AVAILABLE DATA:
□ □ □ □ □

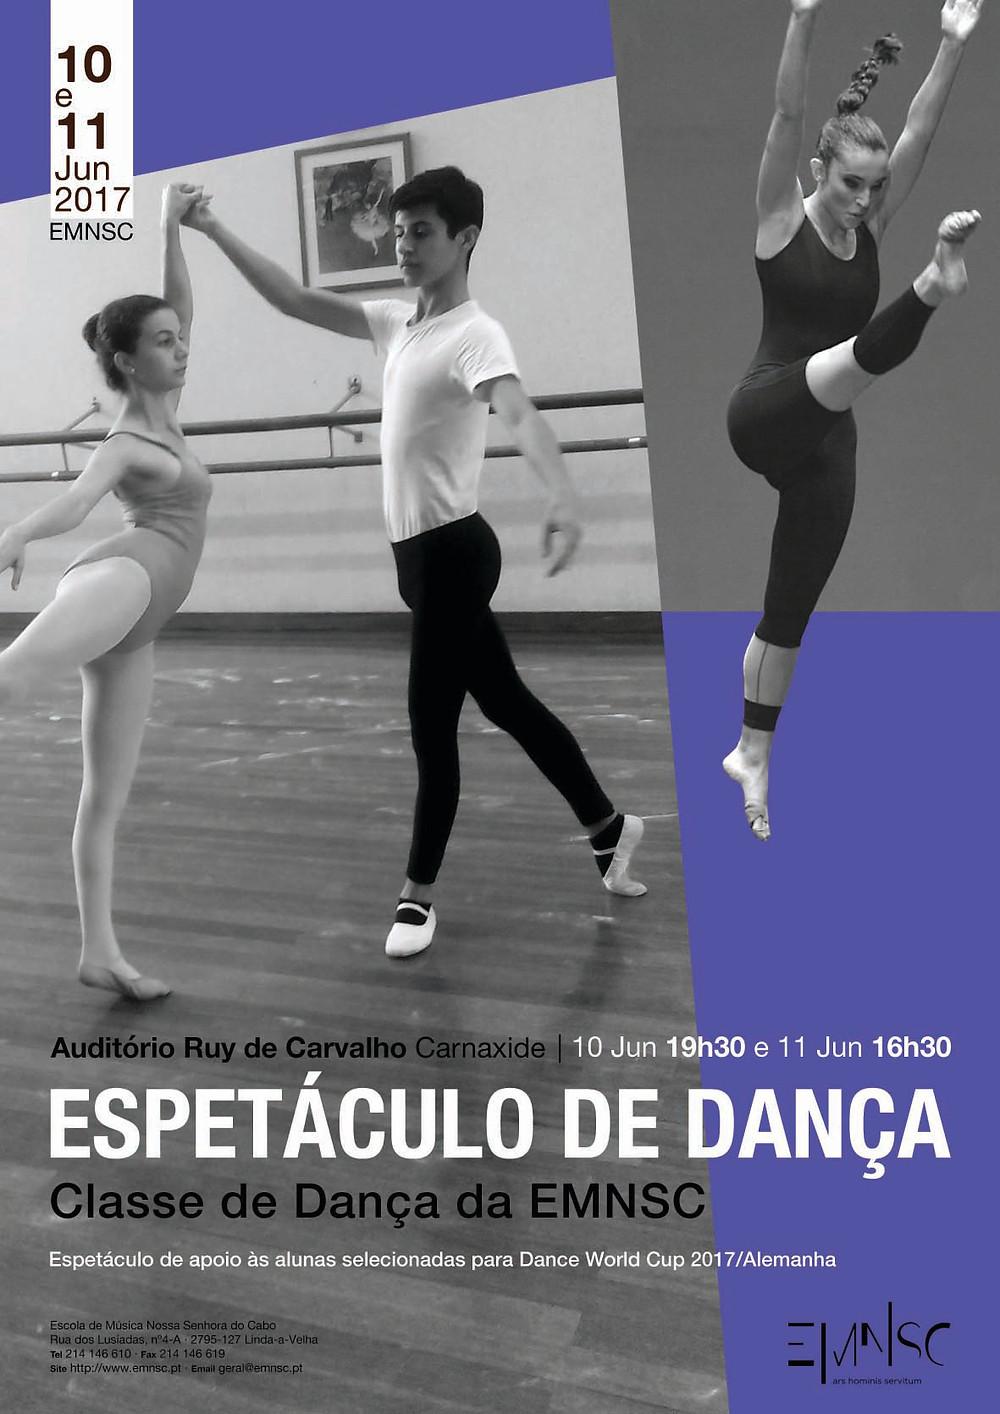 Espetáculo de Dança da EMNSC
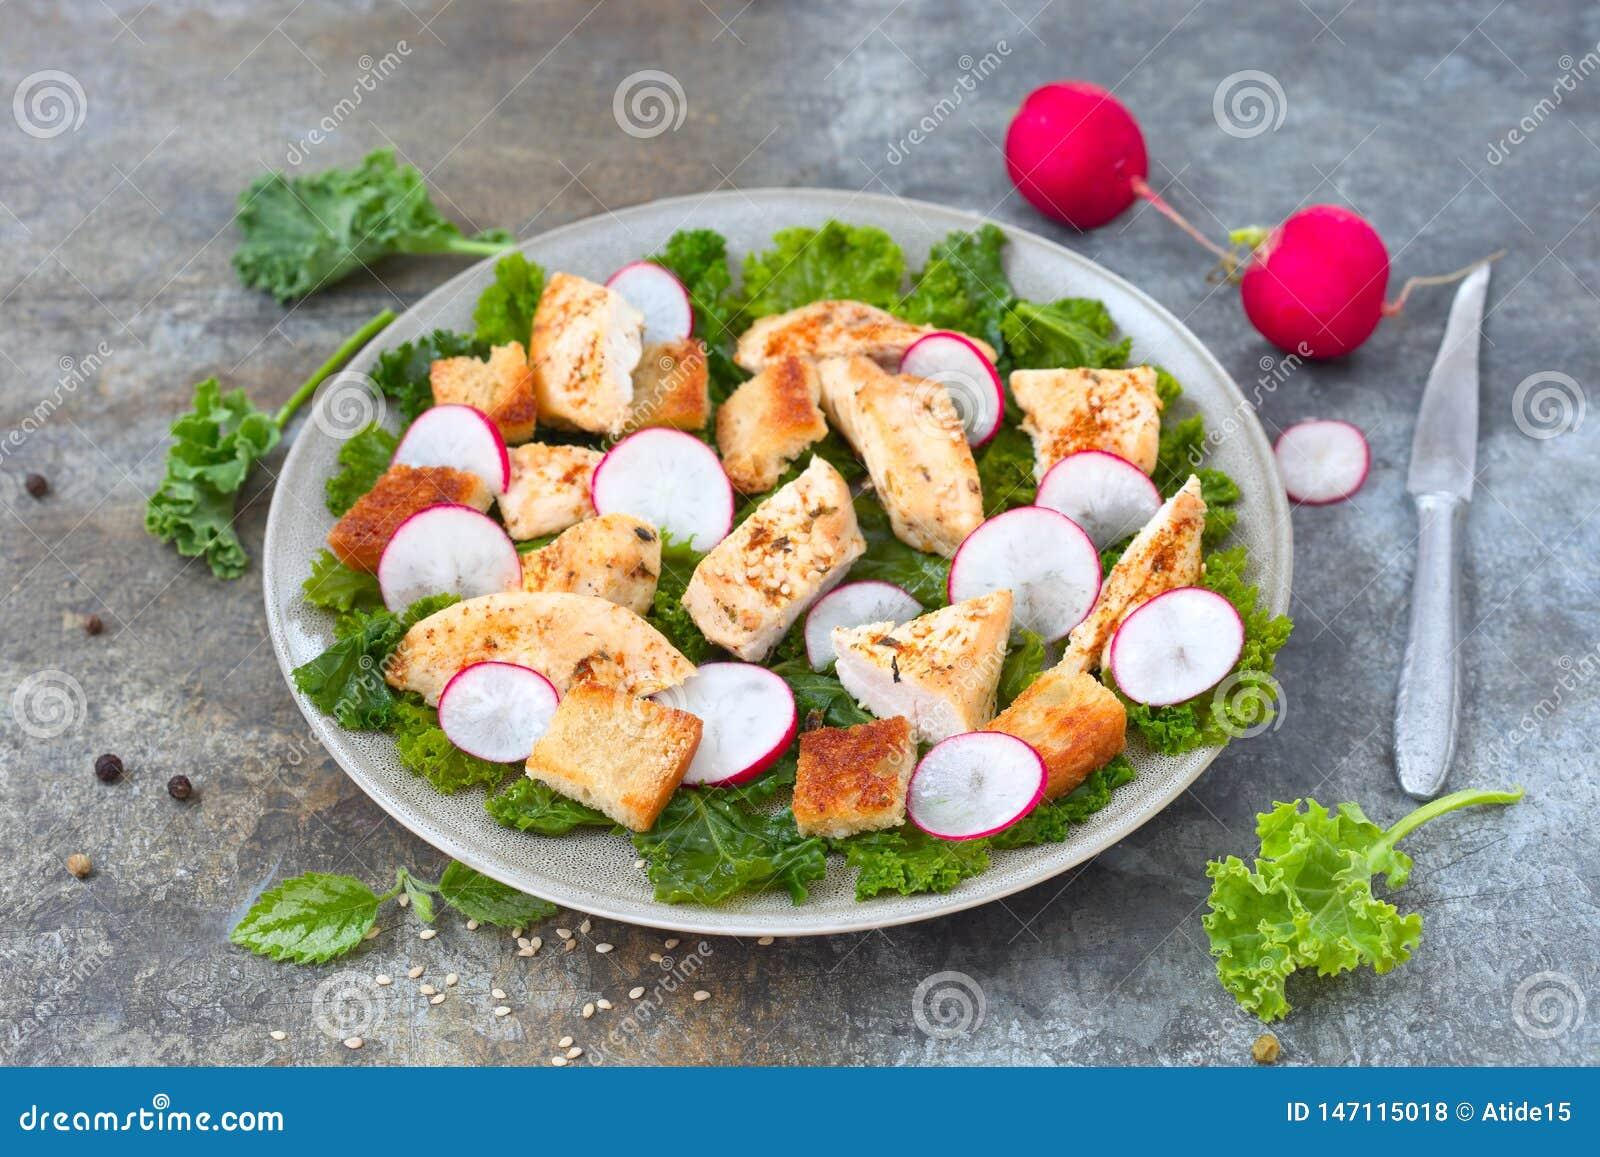 Salade de miette de pain
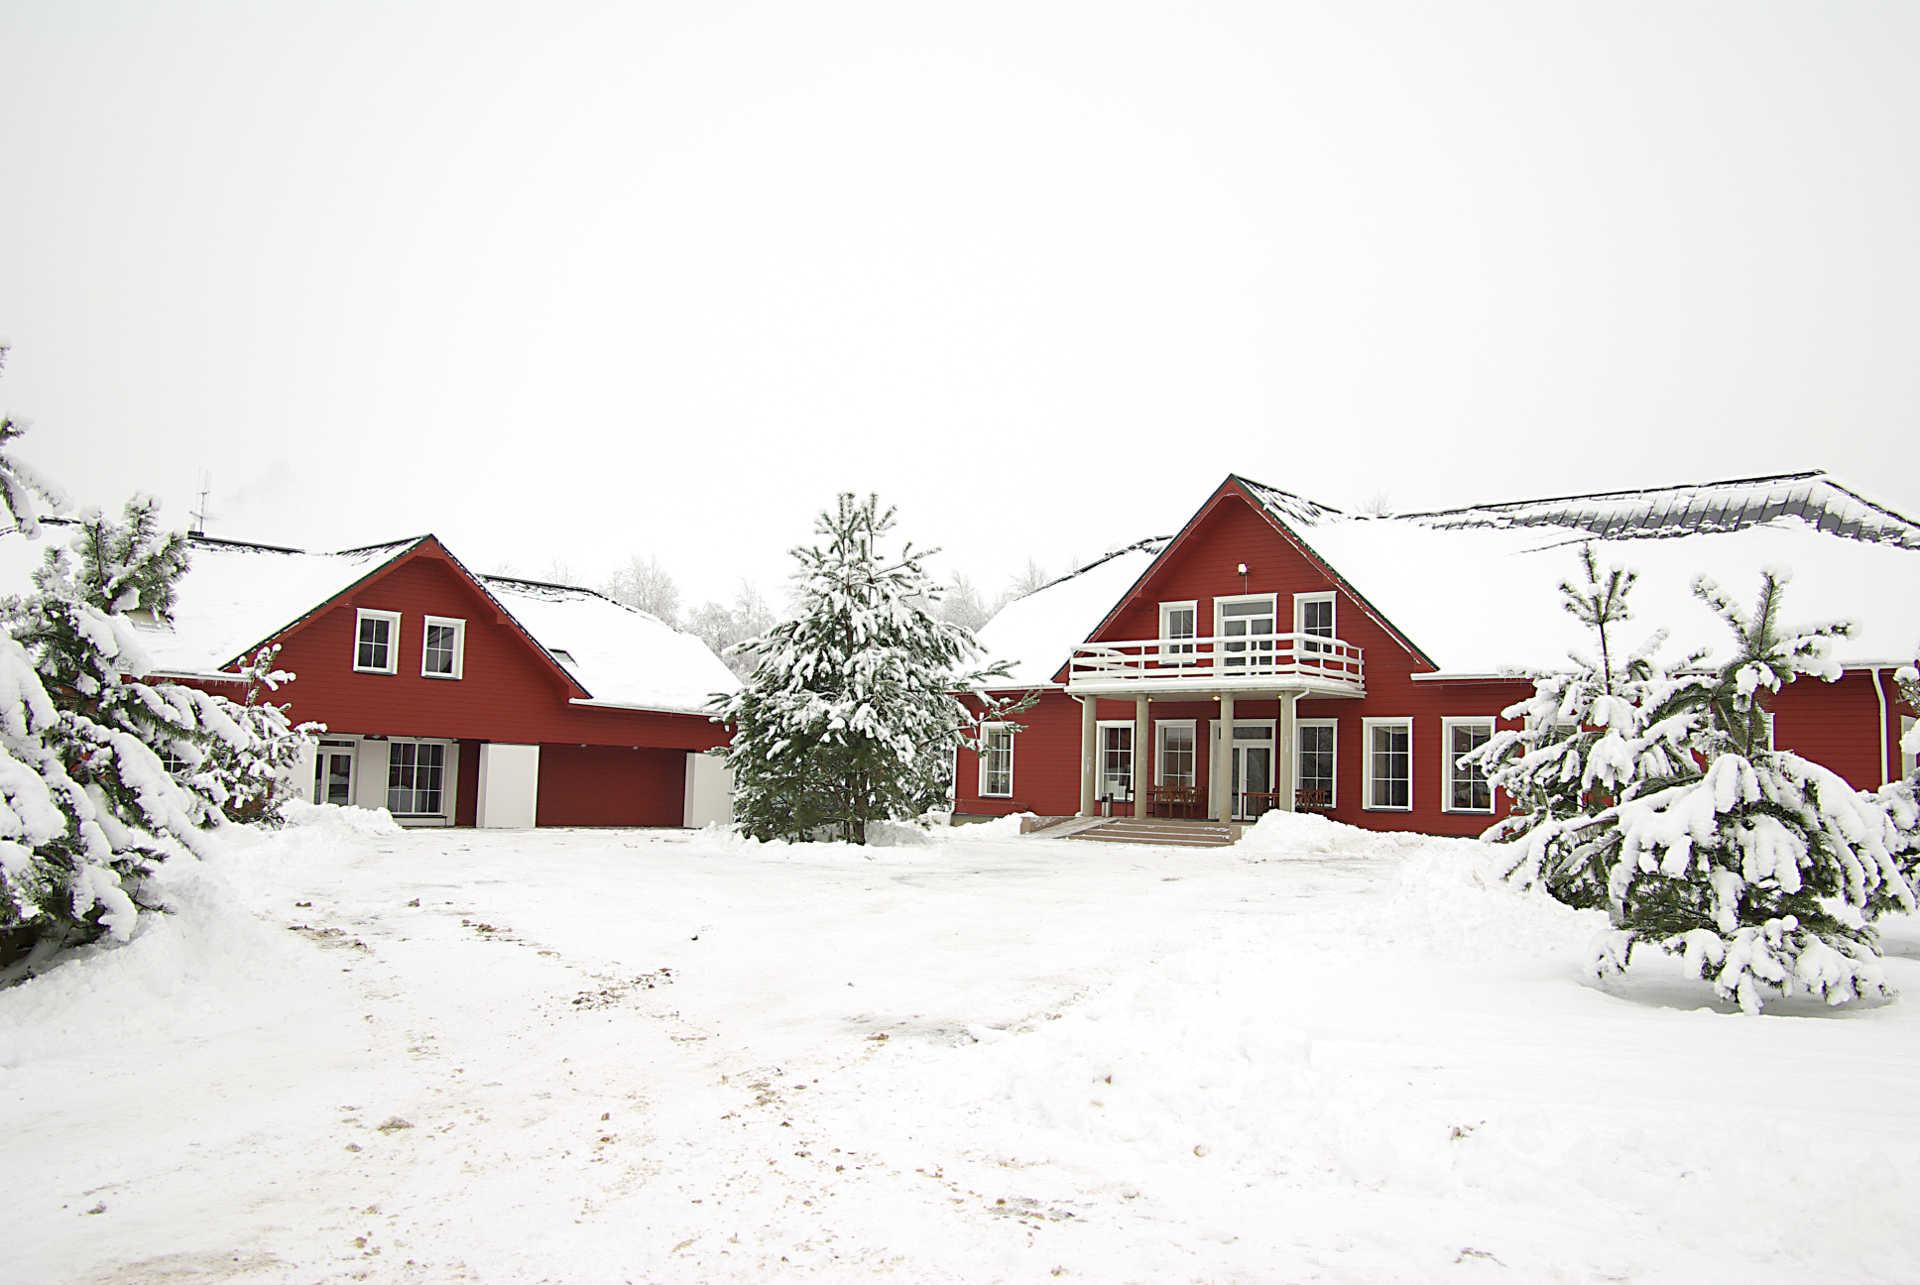 Svečių namai žiemą | Kernavės bajorynė
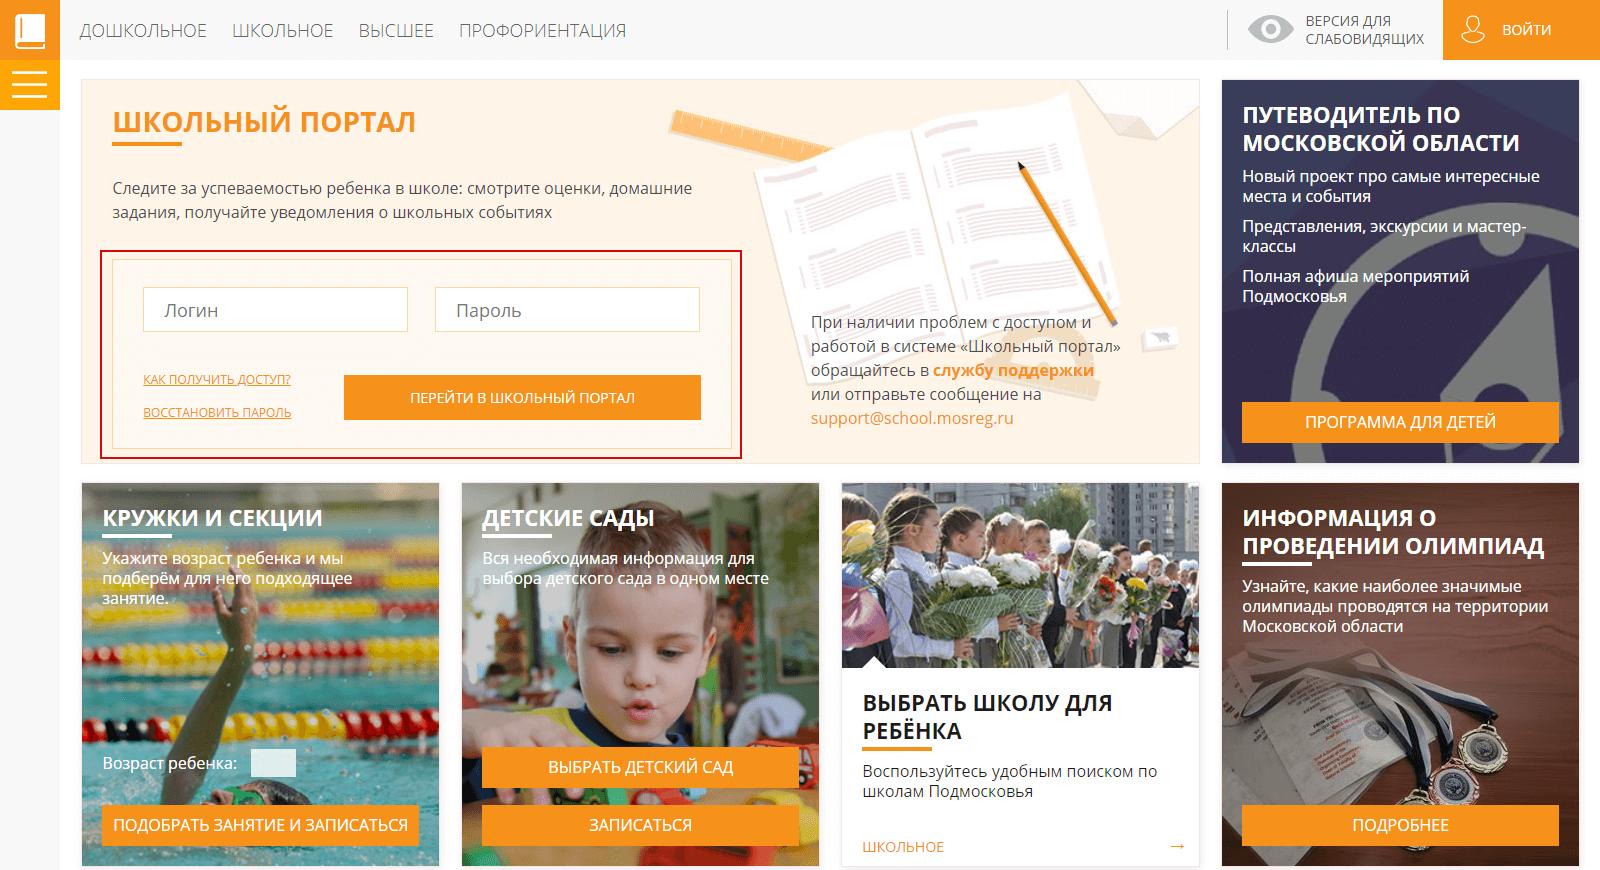 школьный портал московской дневник

□ □ □ □ □

YOUR INSTRUCTIONS:
Nothing but the lines from the line with "Salade de miette de pain" through the last line of the listing should be copied, exactly and with both ends kept. Leave pictures out.

EXERCISE ANSWER:
 Salade de miette de pain
 Svečių namai žiemą | Kernavės bajorynė
 школьный портал московской дневник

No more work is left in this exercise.